We had a bit of a fight last night because I was looking at pictures on my old high school web site and she became obsessive about what I was looking at and why. I asked her to back off and she became angry (she had been drinking). She apologized this morning and I told her we need to have a serious talk. She agreed and we’ll probably sit down tonight. 

I’m not sure what to do. I keep having these depressing thoughts of hopelessness as if I have no future with her. At the same time, I’ve never lived on my own and I keep fantasizing of divorce and having my own life. I feel that if this marriage isn’t going to work, we should break it off now, while we’re still young enough to meet someone new, but I also hate to throw away what we have. We don’t have many friends and really are each other’s best friend. If we broke up, I would still want to be friends, but that may not be possible. I feel lost.
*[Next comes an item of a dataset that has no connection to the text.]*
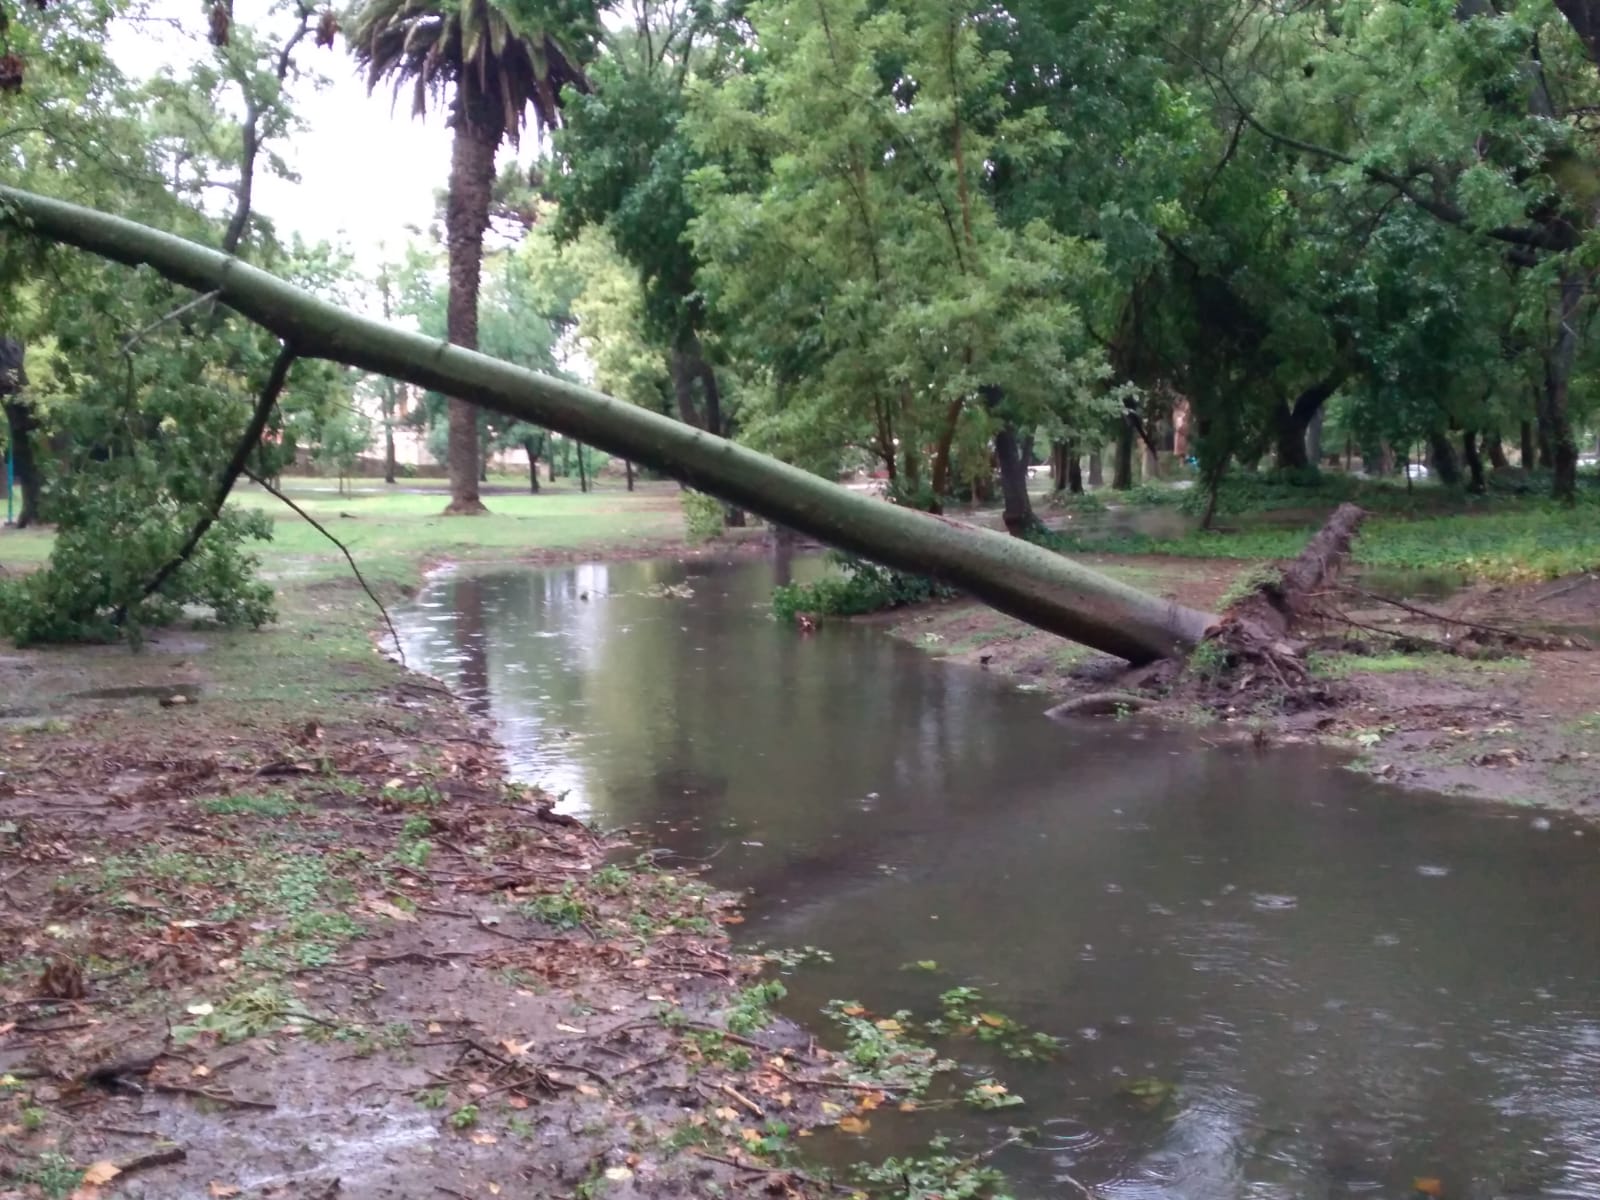 La lluvia y posterior inundación del Parque Gral. San Martín causo la caída de varios arboles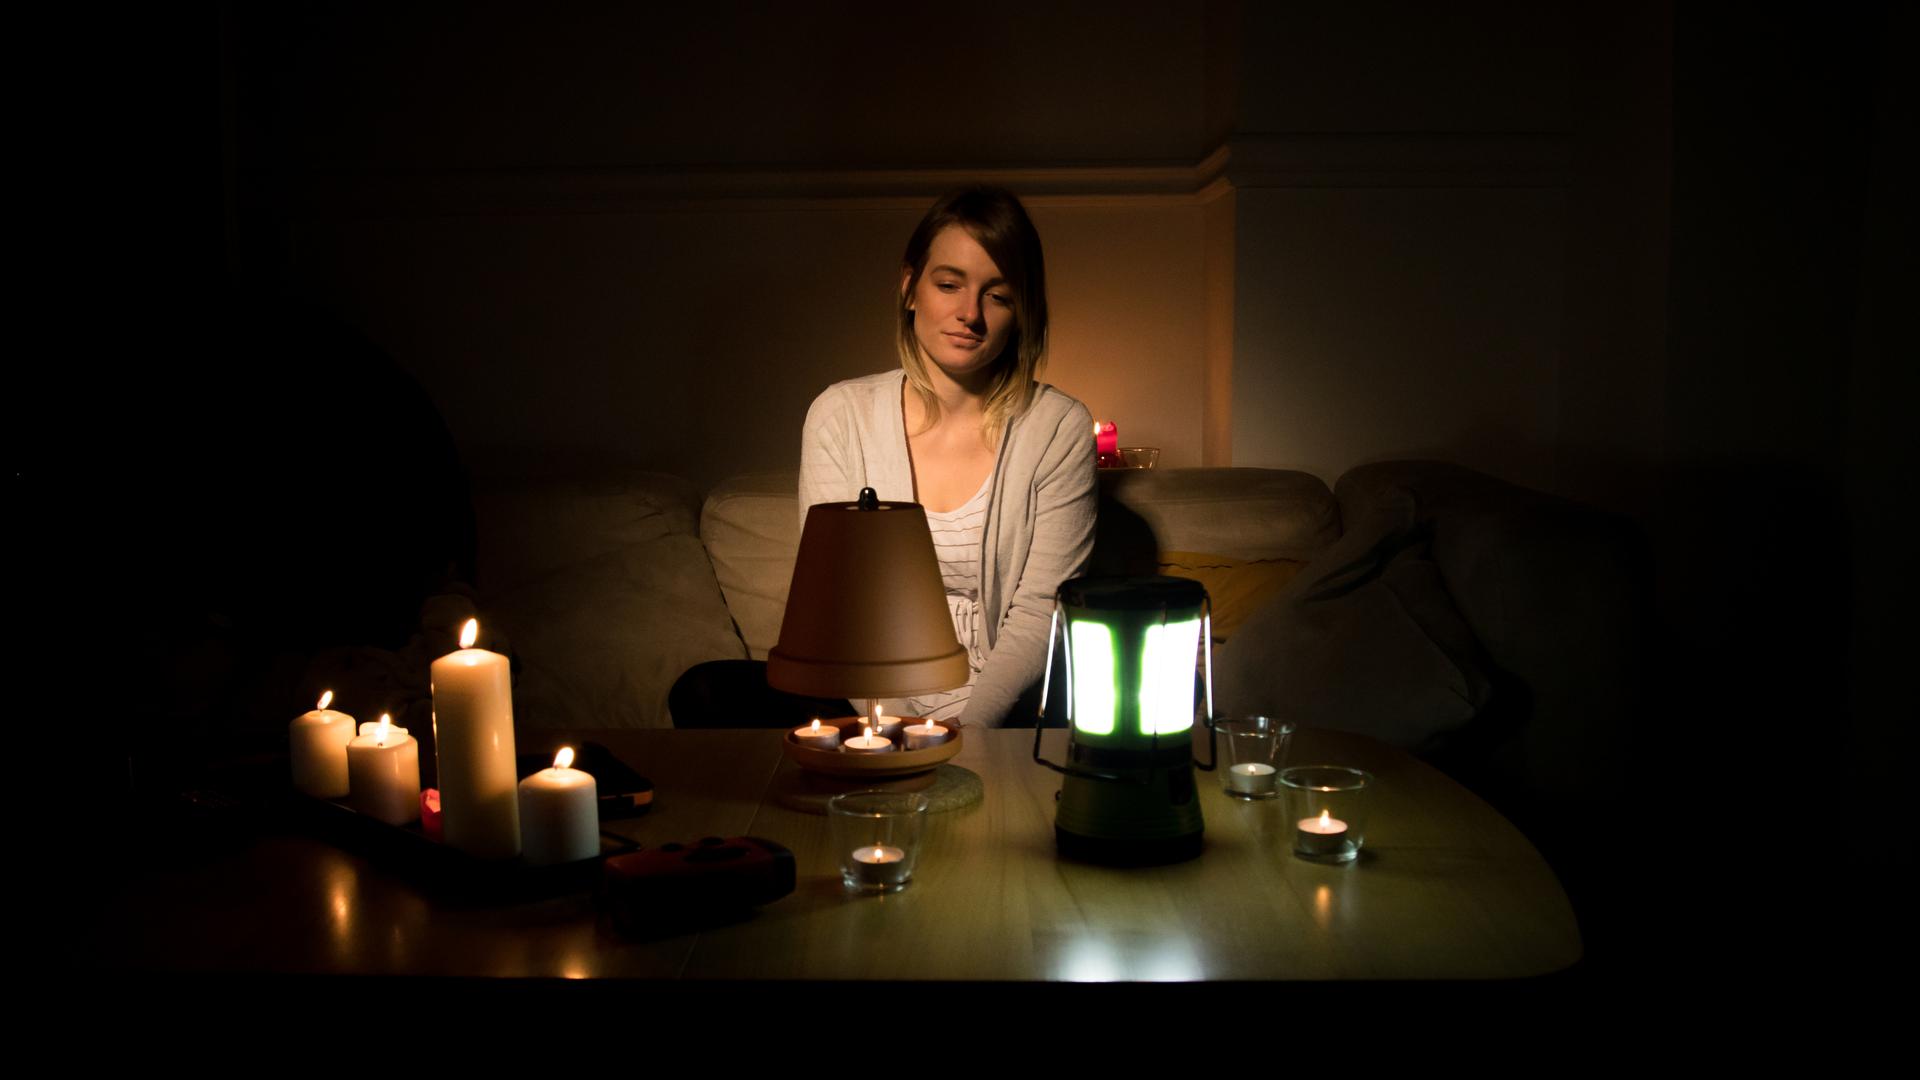 Zum Themendienst-Bericht von Markus Peters vom 9. November 2020: Will man während eines Stromausfalls nicht im Dunkeln sitzen, sollte man daheim immer einen Grundvorrat an Kerzen und Teelichtern haben.

Sorry about the length, and thanks in advance. I’d appreciate any feedback.


----------



## magnoliagal (Mar 30, 2011)

I can't find my relationship book that discusses something similar so you may have to look it up. The gist of it was this is a very common thing among middle age men. Call it mid-life crisis whatever. Women have their version too it's called menopause. At this age (I'm almost 45) you start questioning everything, your life, your relationships, all of it. It's very very normal. It doesn't mean you end a 24 year marriage it's just a transition that should I think inspire change (it has in my own life).

If your wife won't go to counseling I think you should go on your own it would really help. I've been going alone for the past few months and it's really helping me get happier with my life. Your needs aren't being met but you seem clueless and stuck as to how to accomplish those needs. 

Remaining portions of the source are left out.